To be fair, I actually heard no complaints whatsoever from the assembled 100 or so Washington area bloggers who attended the region's first bloggers' summit at The Washington Post this week. No, it's only folks in the old dead tree journalism community who judge a get-together according to the availability of free crustaceans.
The bloggers who came to talk about their relationship with the Post and to hear a lawyer's cautions about life out there on the info interstate were really quite pleased with the spread, which included chicken satay, crudites and some nice strawberries dipped in chocolate.
"We Are in the Big Leagues Now!" was how the folks at Metroblogging DC headlined their attendance at the conference.
This was a chance for all sorts of local bloggers to hear from Post news executives about how the paper is not equipped to cover the micro-local events and issues that bloggers specialize in, and to explore ways in which the paper, its website and bloggers can collaborate, at least by referring readers to one another's work. The exchanges were more gracious and accepting than some on either side of the room might have expected. Some bloggers welcomed a Post.com initiative that would put local ads on blogs and send some moola to bloggers, and others seemed eager to win credit from the Post for their news scoops. The Post's Jonathan Krim unveiled early plans for a local blog directory that washingtonpost.com readers could use to search for blogs in their neighborhoods or their favorite topic areas.
While the terminally grouchy Wonkette was apparently miffed that it didn't land on to the invite list--the summit was intended for blogs that cover things Washington rather than things national--bloggers from a startling array of interests and areas did attend, including, just as a taste of who was there, folks from newsy blogs such as DCist; neighborhood blogs from Anacostia, Shaw and Petworth; specialized blogs such as Capitalweather.com DeafDC.com and a blog fighting for Loudoun County wineries' right to distribute their own products; social guides such as DC Concierge; personal blogs such as And I'm Not Lying For Real; and arts blogs such as the Smithsonian's Eye Level and CreativeDC. A few political bloggers showed up too, though not as many as I'd thought would, perhaps because those bloggers have a more complicated, somewhat competitive relationship with the big daily paper in the region.

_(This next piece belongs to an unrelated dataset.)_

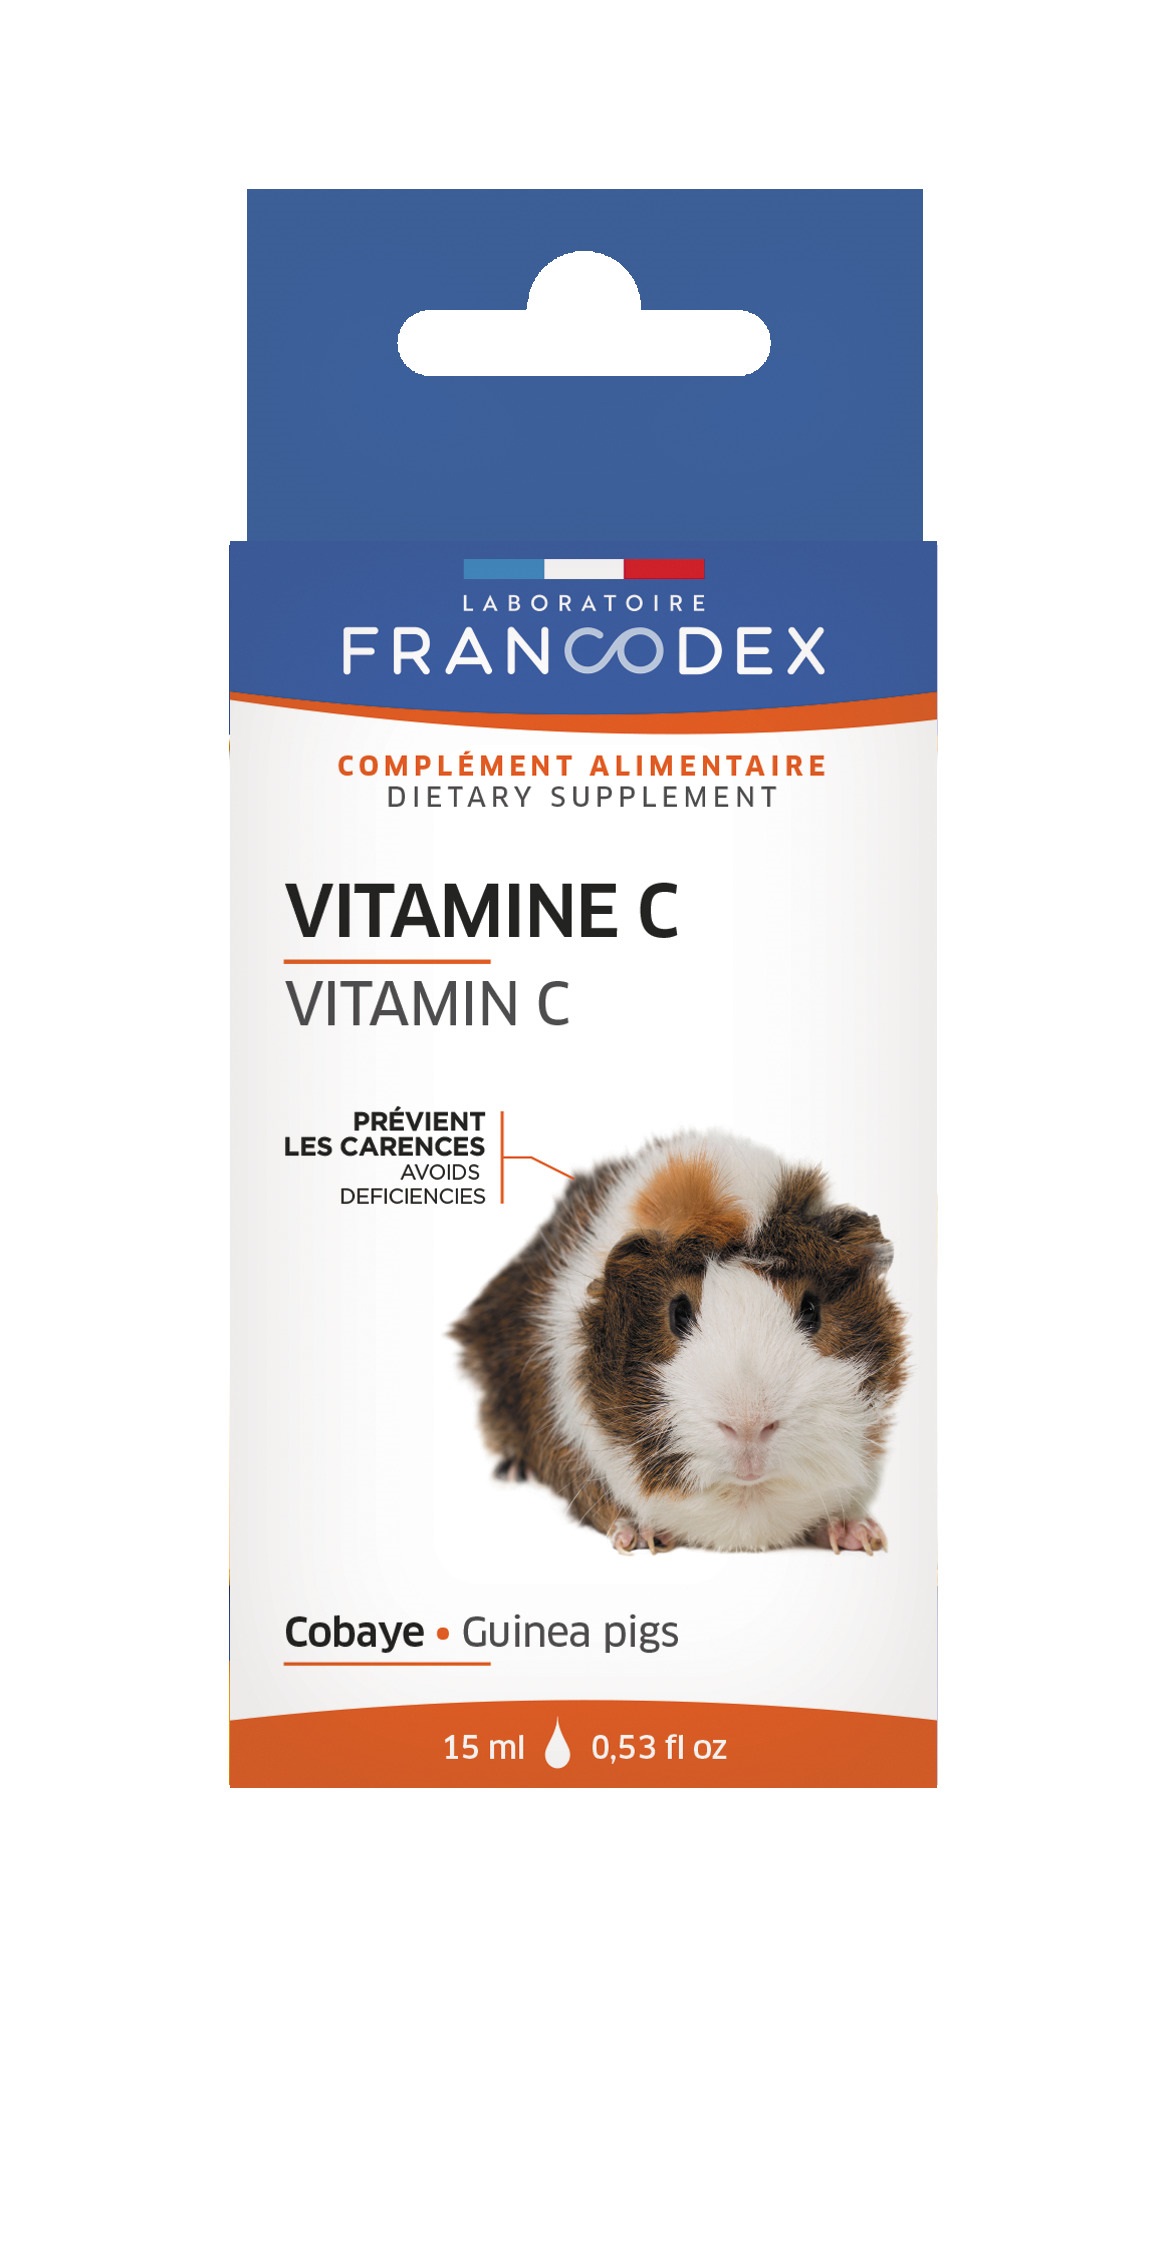 Comprimés de Vitamine C - Vitalvéto - Pour cochon d'inde - x 40

The bloggers heard a series of cautions from lawyer Jonathan Hart of the Online News Association, who warned the assembled to get themselves some libel insurance so as not to lose their houses should someone slap a thick wad of paper on them someday. My favorite question came from the proprietor of Yeah...I Said It, who wondered whether photoshopping Dick Cheney doing a drive-by shooting would raise any legal questions. Short answer: It all depends on how transparent your humor is. "If you're taking PhotoShop and changing somebody's body, don't do a terrific job of it," Hart advised.

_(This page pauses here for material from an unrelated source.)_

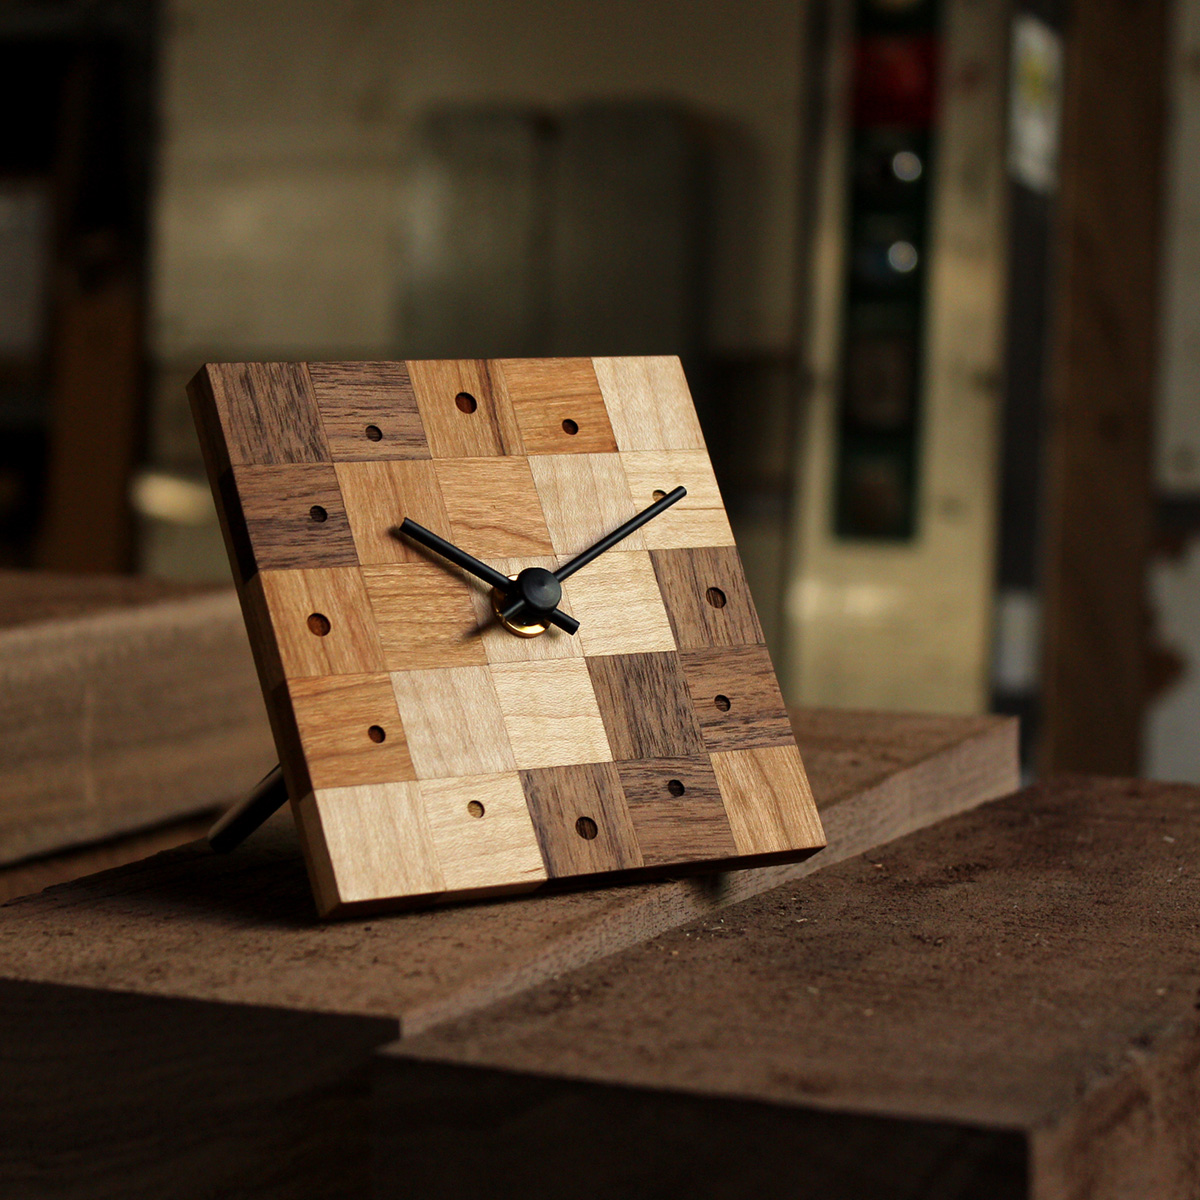 銘木の端材を活用したモザイクタイル風のミニ時計づくりワークショップ

Another choice legal query: Are you ok if you publish something that's factually iffy but a lot of other people are saying the same thing out there in webland? Hart: "Having a lot of other people saying the same thing may get you co-defendants."
Bloggers and big corporations that do journalism will always have different functions and often have different attitudes, but the summit produced at least a momentary sense of cooperation. If there had been shrimp, I might have choked on it when I heard Wayan from Metroblogging DC offer this lovely bit of peacemaking: "One thing we all value, every single person in this room, is the human filtering you guys at the Post do." We're all awash in the same sea of information, and increasingly, we're all realizing that despite the 90s rhetoric about each of us finding our own way, we all do need credible and useful filters.
And then we can start sniping at each other.